++++ Records for the exercise ++++
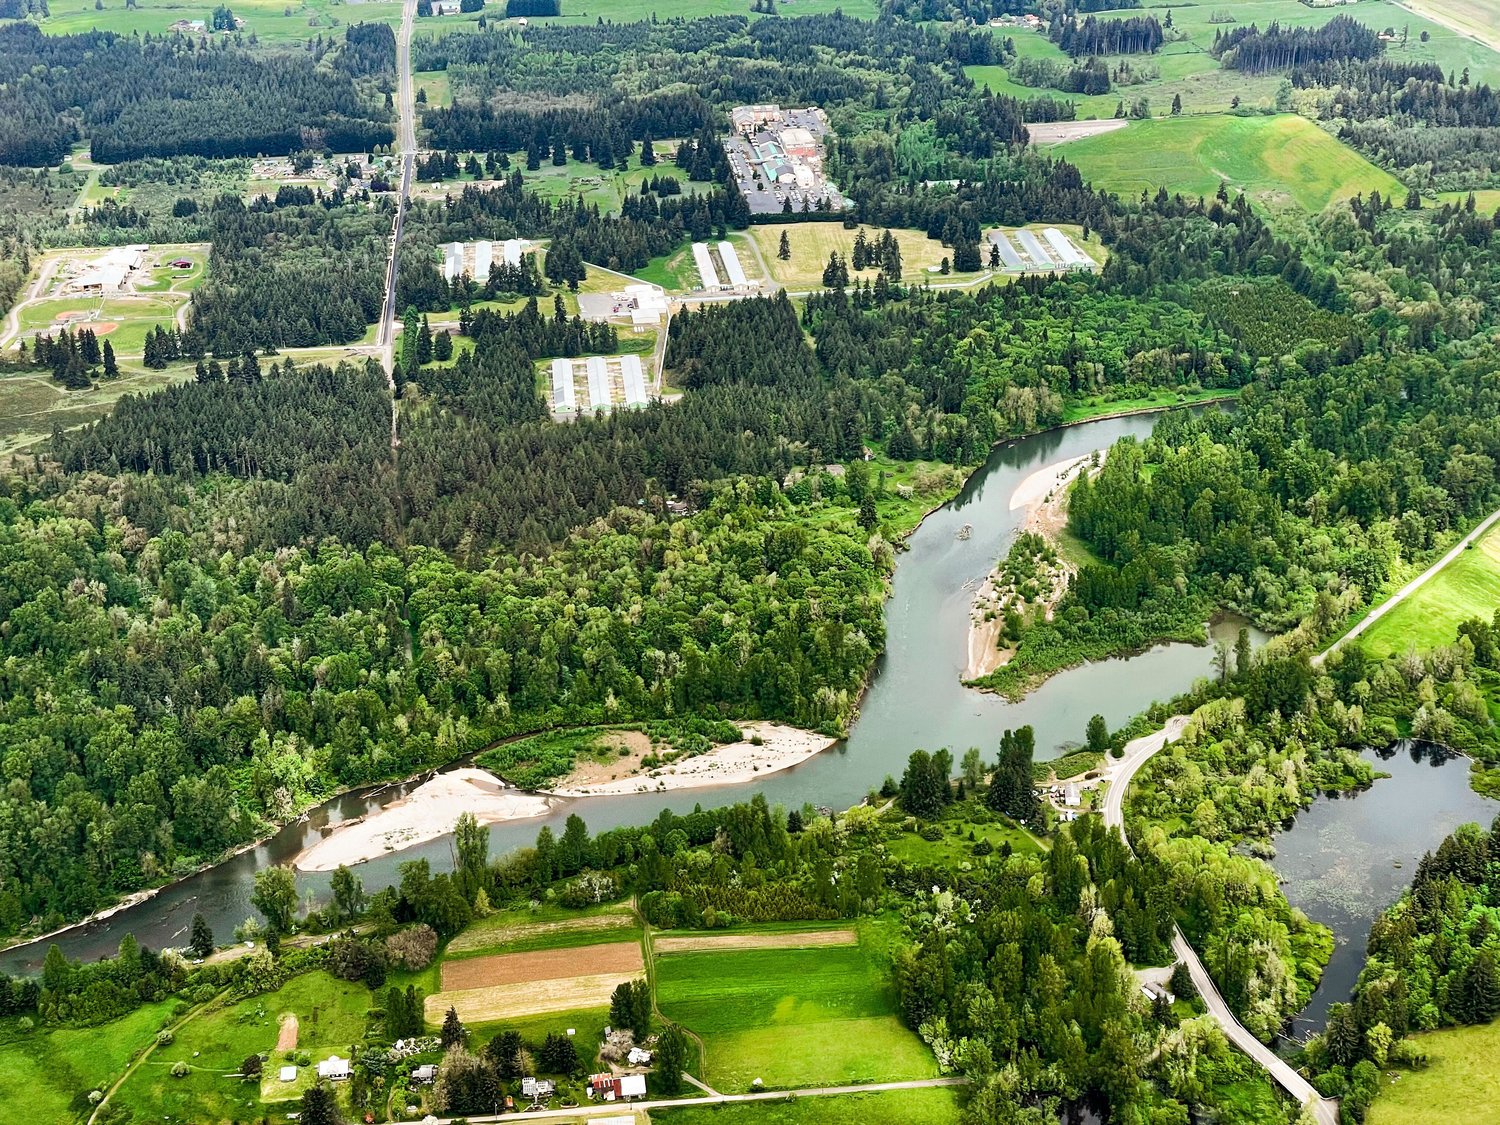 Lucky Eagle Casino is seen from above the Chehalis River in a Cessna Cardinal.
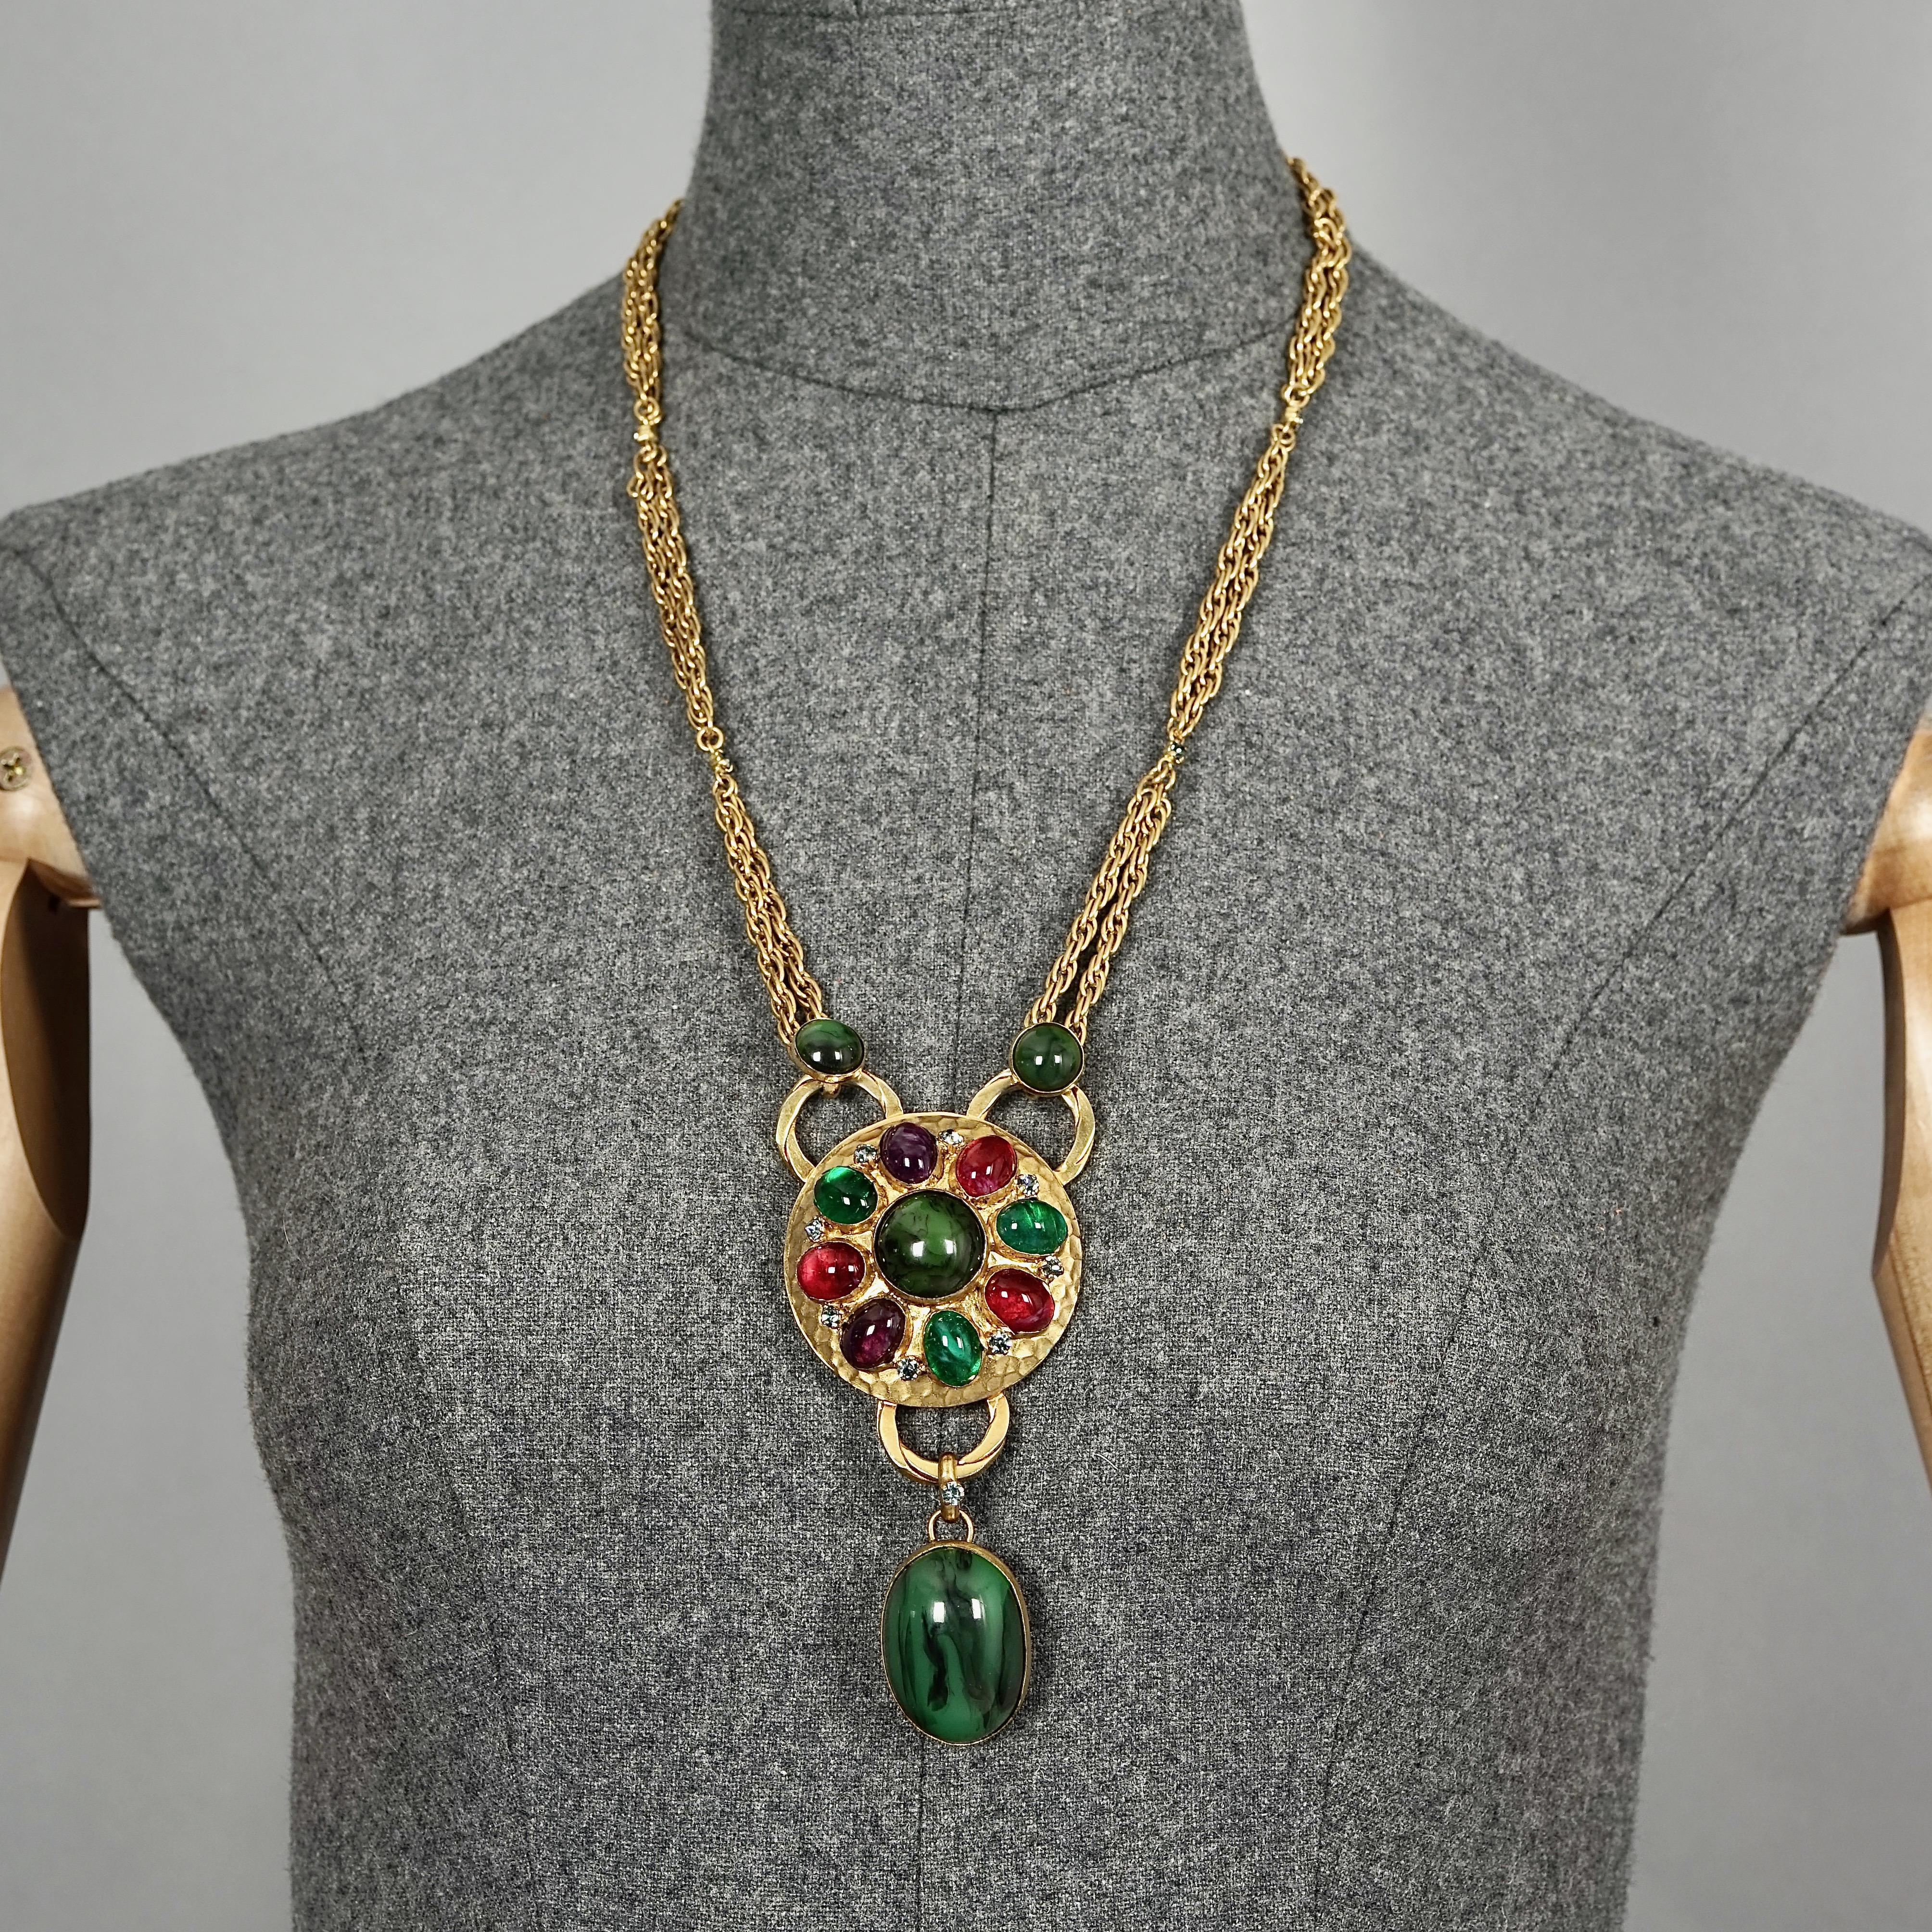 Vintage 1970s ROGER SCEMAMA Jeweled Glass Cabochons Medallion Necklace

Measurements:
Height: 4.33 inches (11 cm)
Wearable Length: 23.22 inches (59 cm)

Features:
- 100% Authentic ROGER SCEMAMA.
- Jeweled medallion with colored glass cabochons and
++++
(Your task): Skip the images and write out the rest of the listing exactly.

(Solution):
 Lucky Eagle Casino is seen from above the Chehalis River in a Cessna Cardinal.
 Vintage 1970s ROGER SCEMAMA Jeweled Glass Cabochons Medallion Necklace

Measurements:
Height: 4.33 inches (11 cm)
Wearable Length: 23.22 inches (59 cm)

Features:
- 100% Authentic ROGER SCEMAMA.
- Jeweled medallion with colored glass cabochons and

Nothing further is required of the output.